The ageing of Australia’s workforce is a whole-of-economy challenge, but it is particularly acute in the road transport sector.

A large-scale industry survey conducted in 2016 found the average age of a truck driver in Australia is 47, with more recent industry estimates putting that number closer to 50 years of age, with just 15 per cent of drivers estimated to be below the age of 30.

If not addressed, looming workforce shortages will lead to higher costs in the freight transport sector – and these will ultimately be reflected in higher prices paid for goods by consumers and businesses.

By extension, this means the industry needs to attract younger workers to its ranks.

But it is a mistake to think this will simply happen of its own accord.
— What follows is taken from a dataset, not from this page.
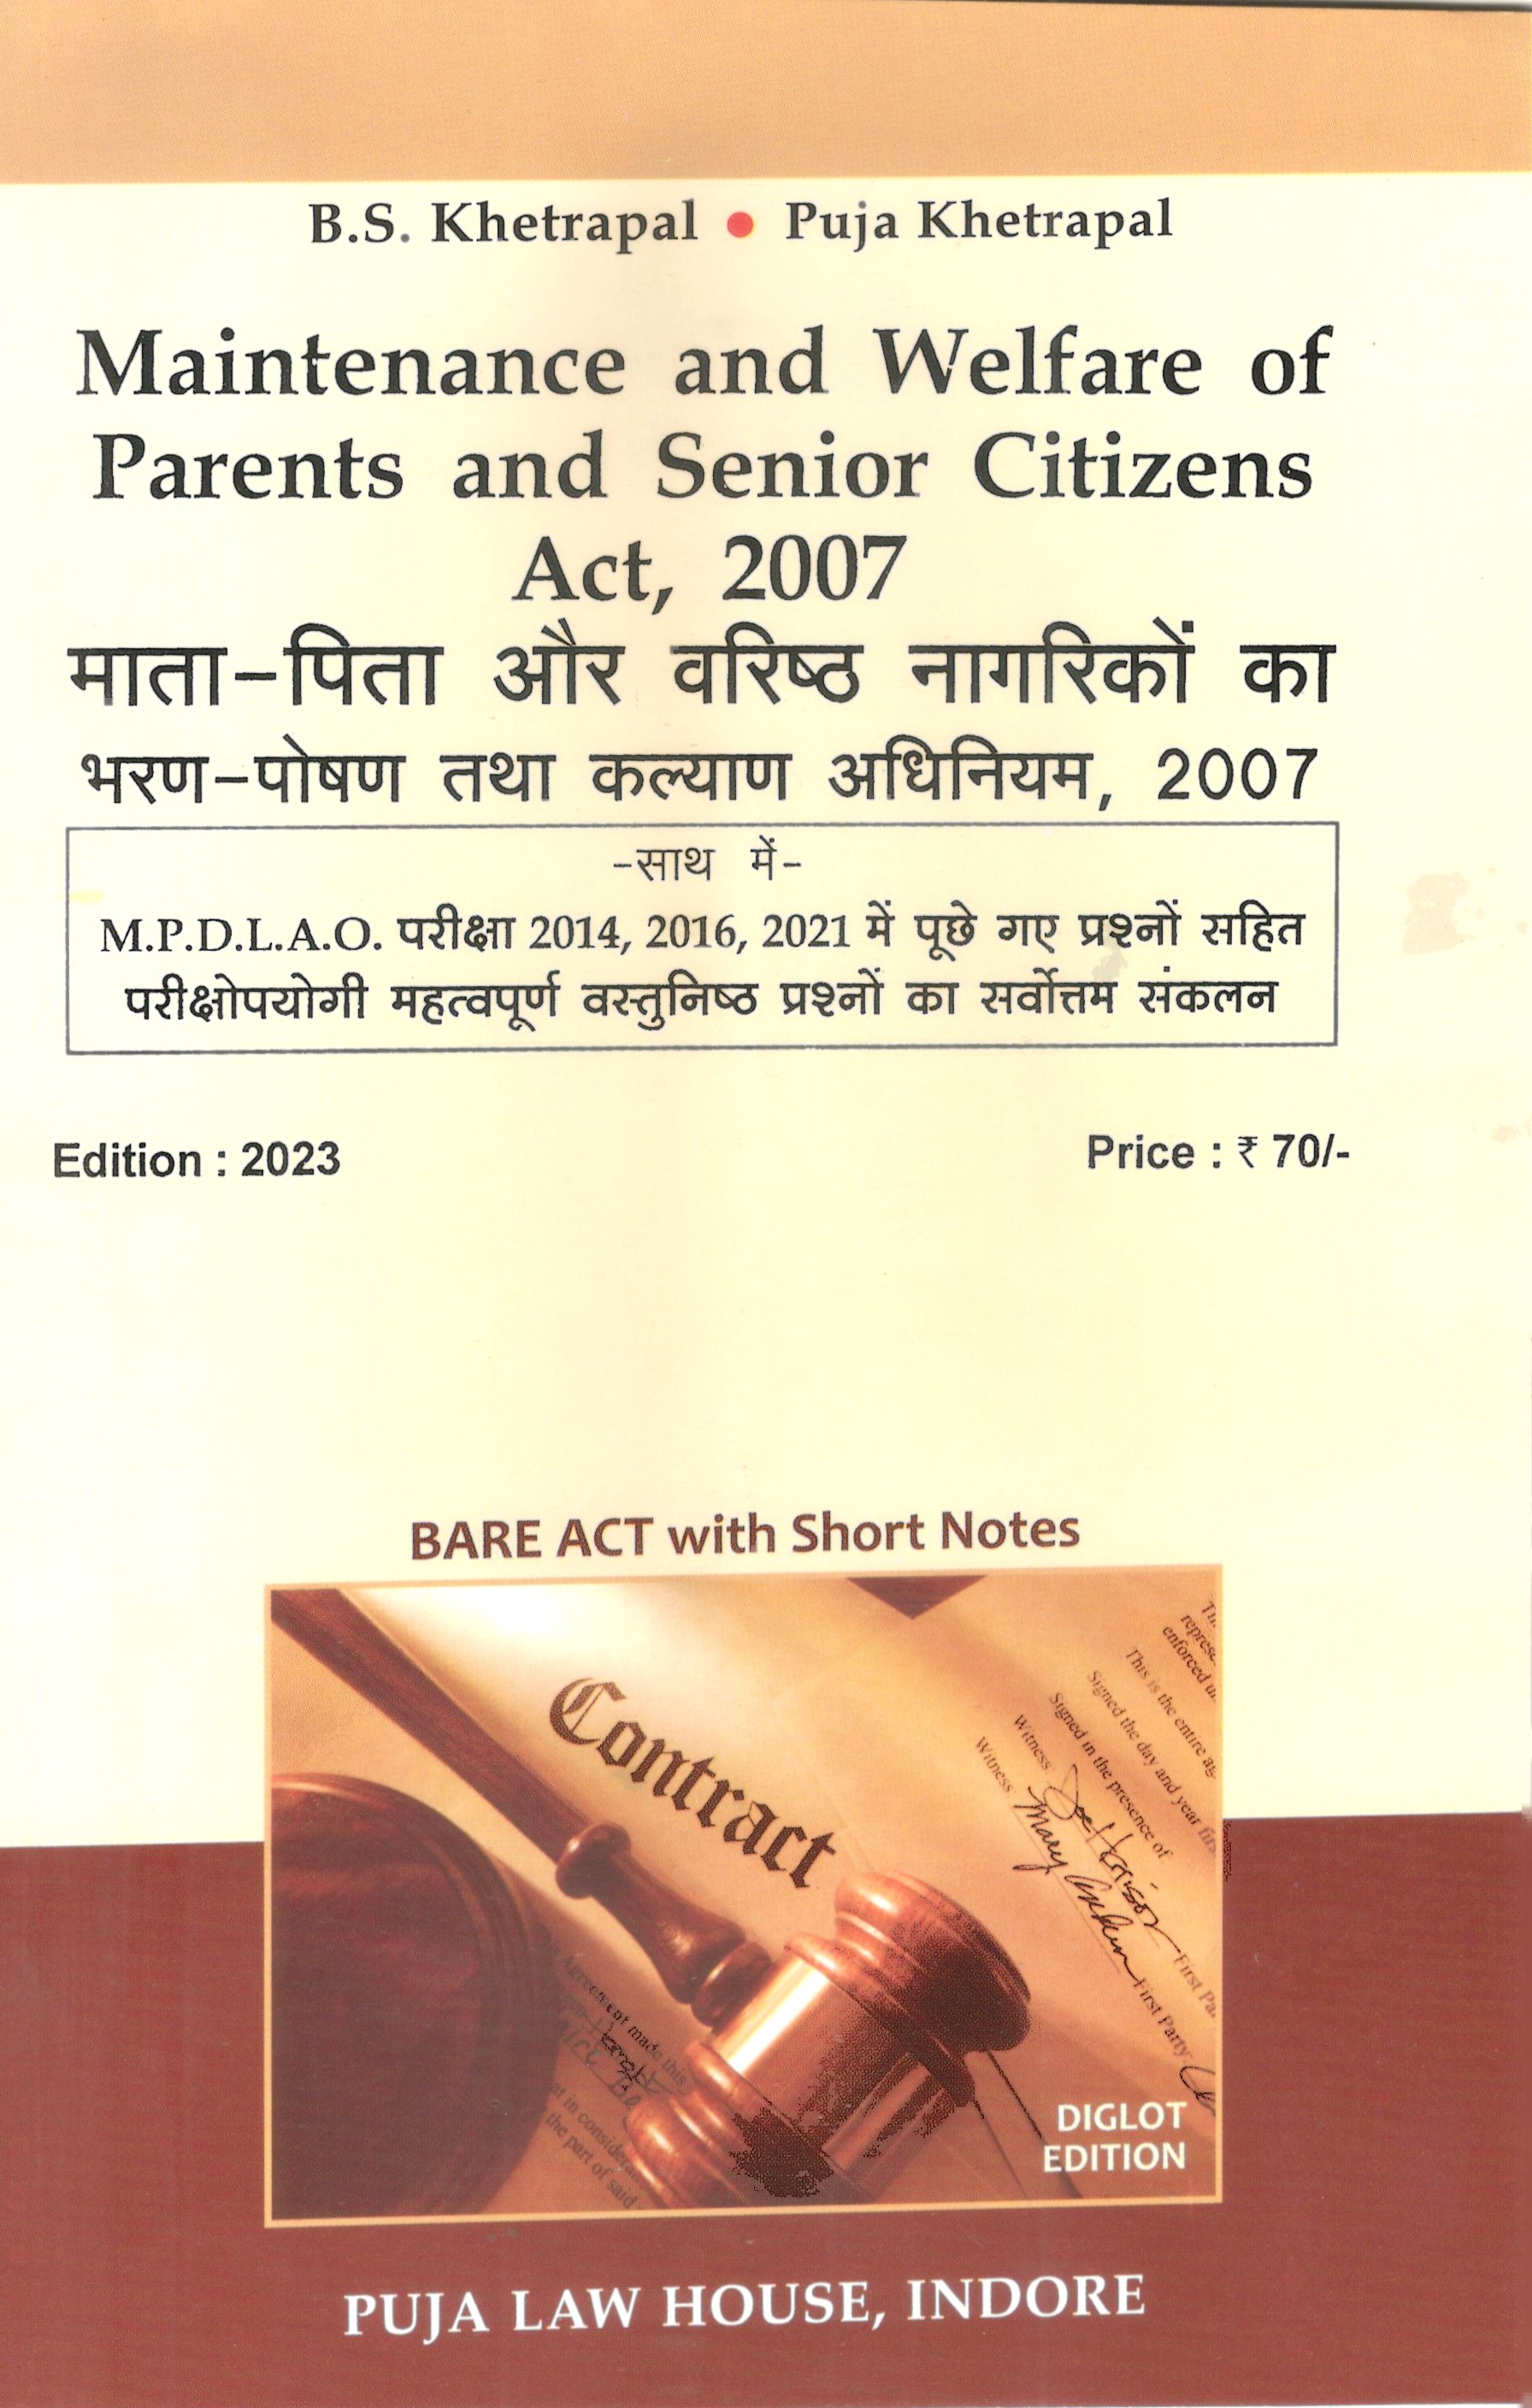 Maintenance and Welfare of Parents and Senior Citizens Act, 2007 / माता-पिता और वरिष्ठ नागरिकों का भरण-पोषण तथा कल्याण अधिनियम, 2007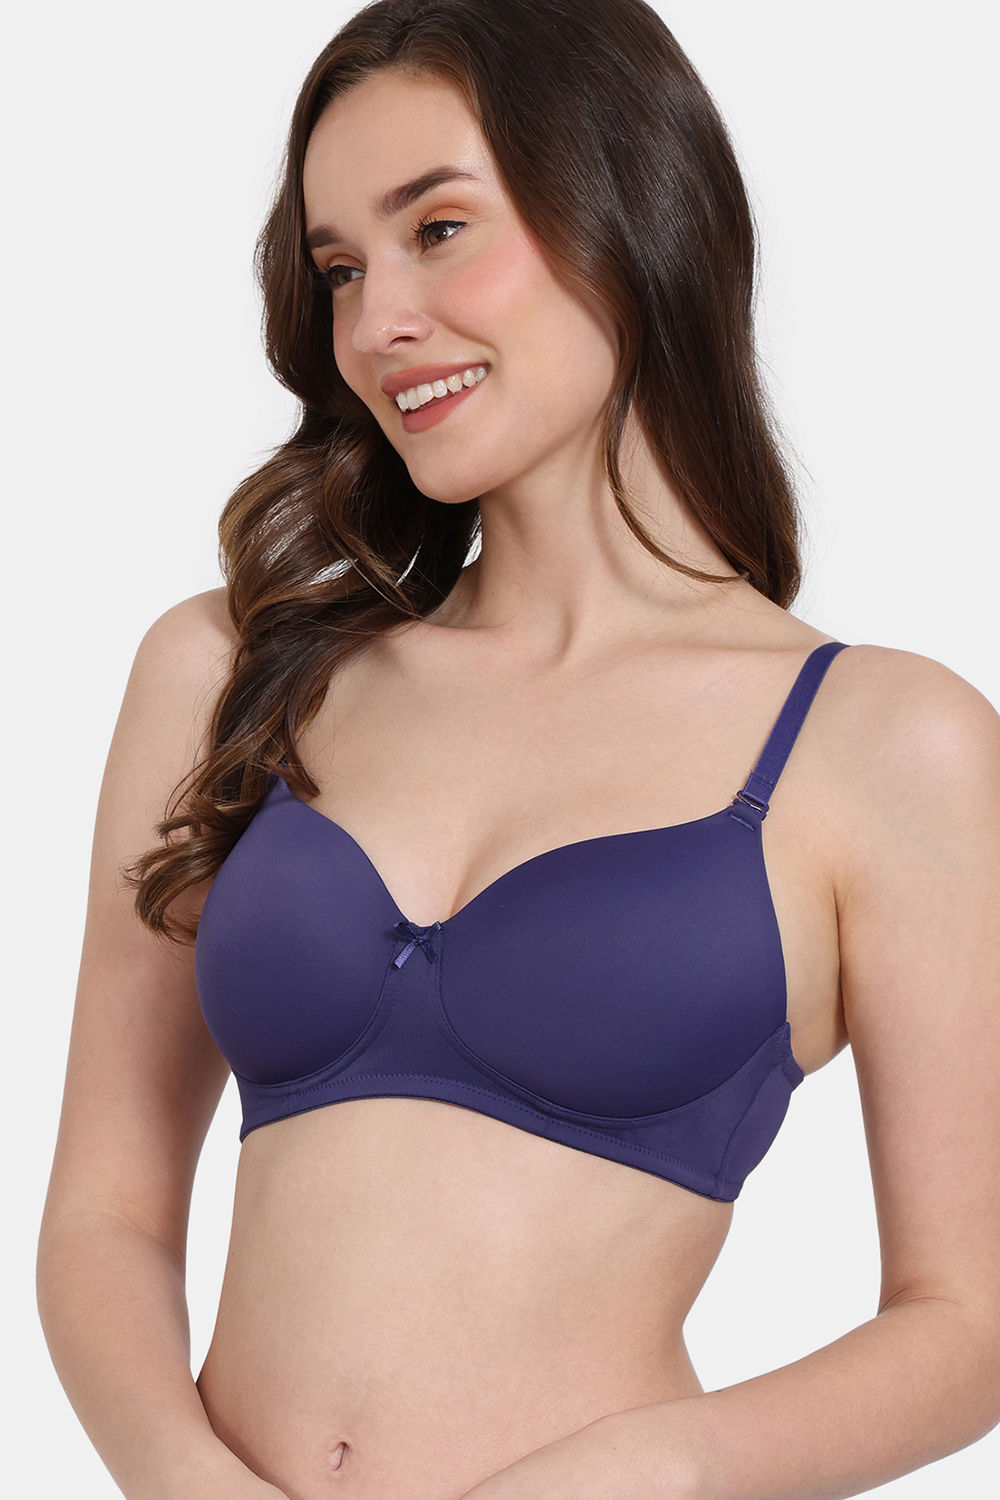 Susa 8139-343 Sapphire Blue Embroidered Padded Non-Wired Soft Bra

Some industry participants have noted that driving heavy vehicles is not seen as an attractive career choice, particularly for school leavers.

There is ample research available which indicates the millennial generation of workers is more mobile and more likely to change jobs and industries than any of their forebears.

A 2016 survey undertaken by Gallup noted that 21 per cent of millennials had left their job to do something else within the preceding 12 months – a figure three times higher than that for non-millennials.

More strikingly, the same research reported that six in ten millennials say they are open to new job opportunities outside their current organisation – again, far higher than figures reported for other cohorts.

On the face of it, this should be positive news for the heavy vehicle sector. However, the fact that younger workers are willing to take a look at other industries will only be of benefit if they like what they see.

The unfortunate reality is that the heavy vehicle sector suffers from a continuing perception problem around its ability to welcome female participants to its workforce, as well as those from diverse cultural backgrounds.

This is a considerable barrier to the attraction and retention of younger workers, who make their career choices (at least in part) on an organisation’s commitment to gender equity and diversity.

As well as dealing with diversity issues, the sector’s workforce must also address the fact that the increasing influence of technology in the operation of heavy vehicles will demand a broader range of skills than may have previously been applicable in the industry.

Although these efforts must be industry-led, there is certainly scope for governments to play a greater role in making certain the transport sector’s workforce is prepared for a changing world.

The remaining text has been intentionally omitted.